Give back only the lines in the records below from the one with "Doormat Checker Green" to the one with "Scuole sciopero ad", both inclusive, word for word.

- **Supplied records**:
++++++++
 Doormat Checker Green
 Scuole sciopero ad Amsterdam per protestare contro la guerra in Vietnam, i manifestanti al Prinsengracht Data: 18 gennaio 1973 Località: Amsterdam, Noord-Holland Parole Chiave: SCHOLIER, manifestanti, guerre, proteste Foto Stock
++++++++
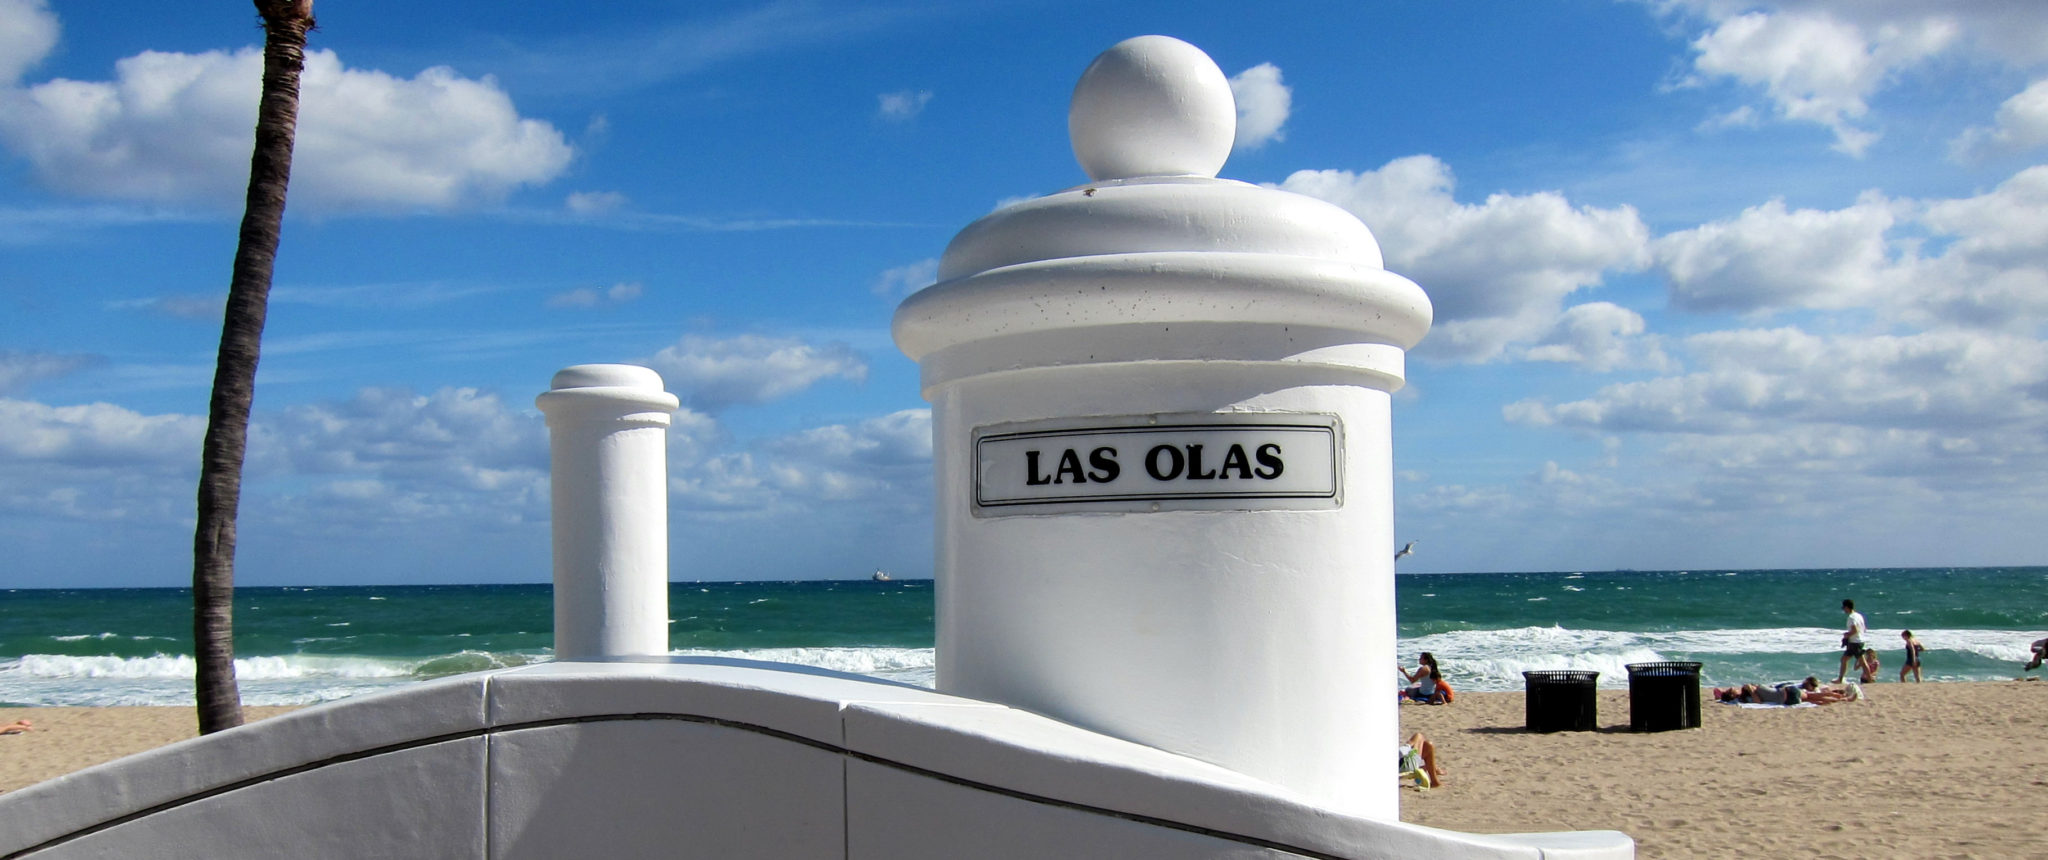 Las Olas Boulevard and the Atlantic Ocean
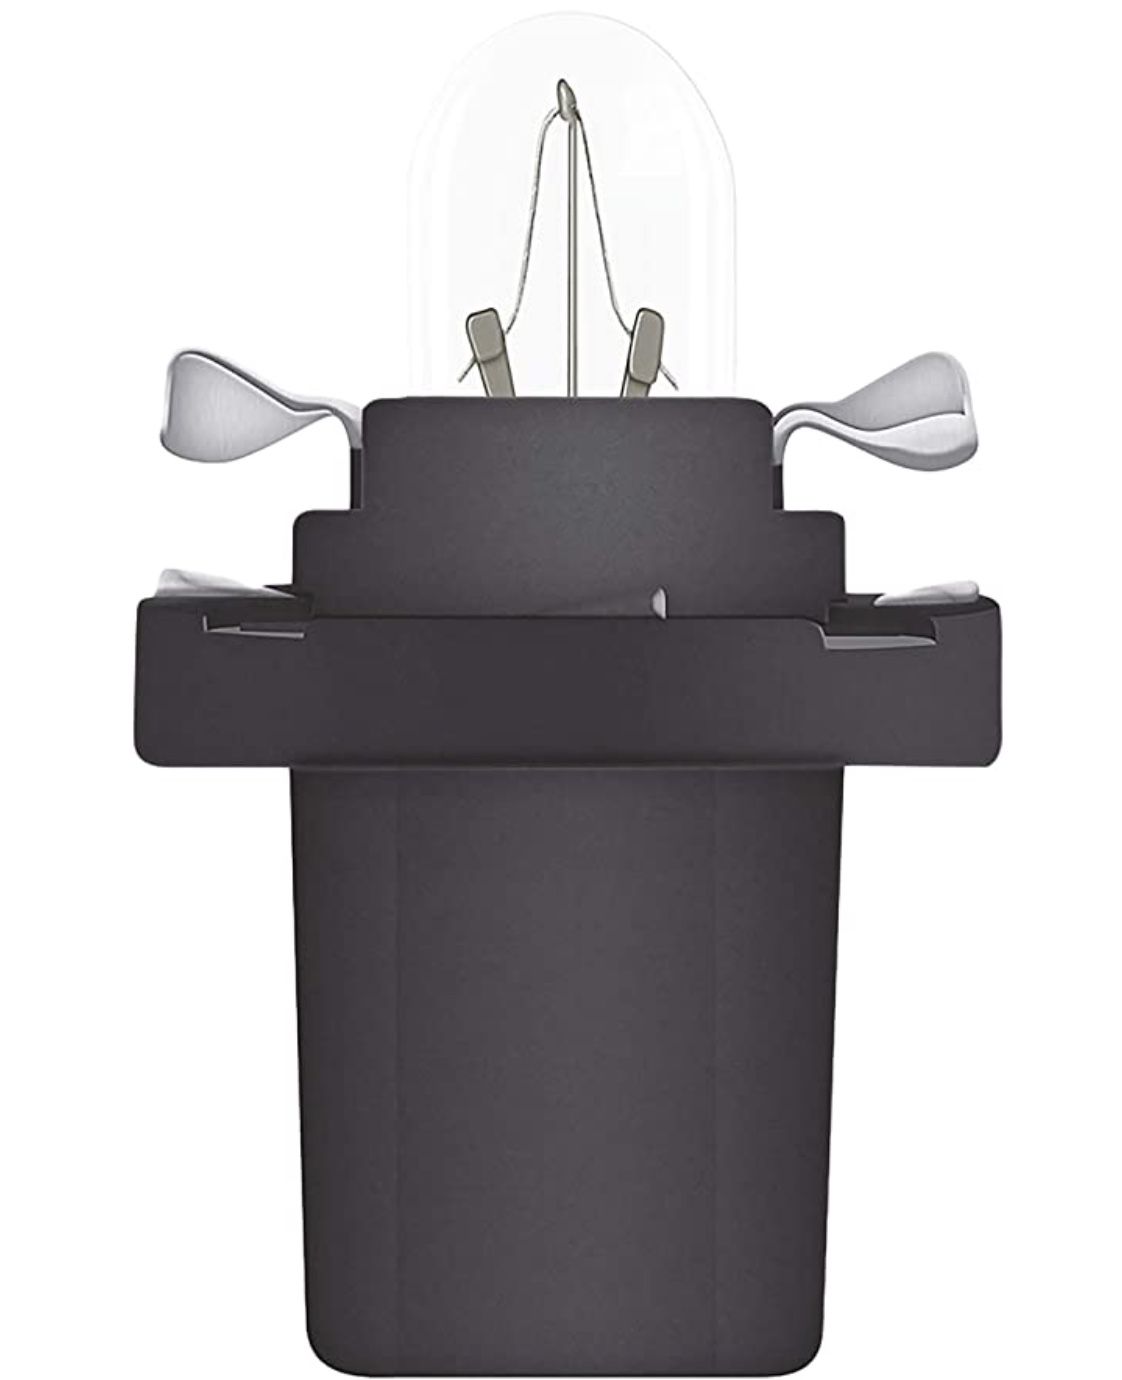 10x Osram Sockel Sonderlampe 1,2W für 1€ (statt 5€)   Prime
++++++++
- **Solution for this problem**:
 Doormat Checker Green
 Scuole sciopero ad Amsterdam per protestare contro la guerra in Vietnam, i manifestanti al Prinsengracht Data: 18 gennaio 1973 Località: Amsterdam, Noord-Holland Parole Chiave: SCHOLIER, manifestanti, guerre, proteste Foto Stock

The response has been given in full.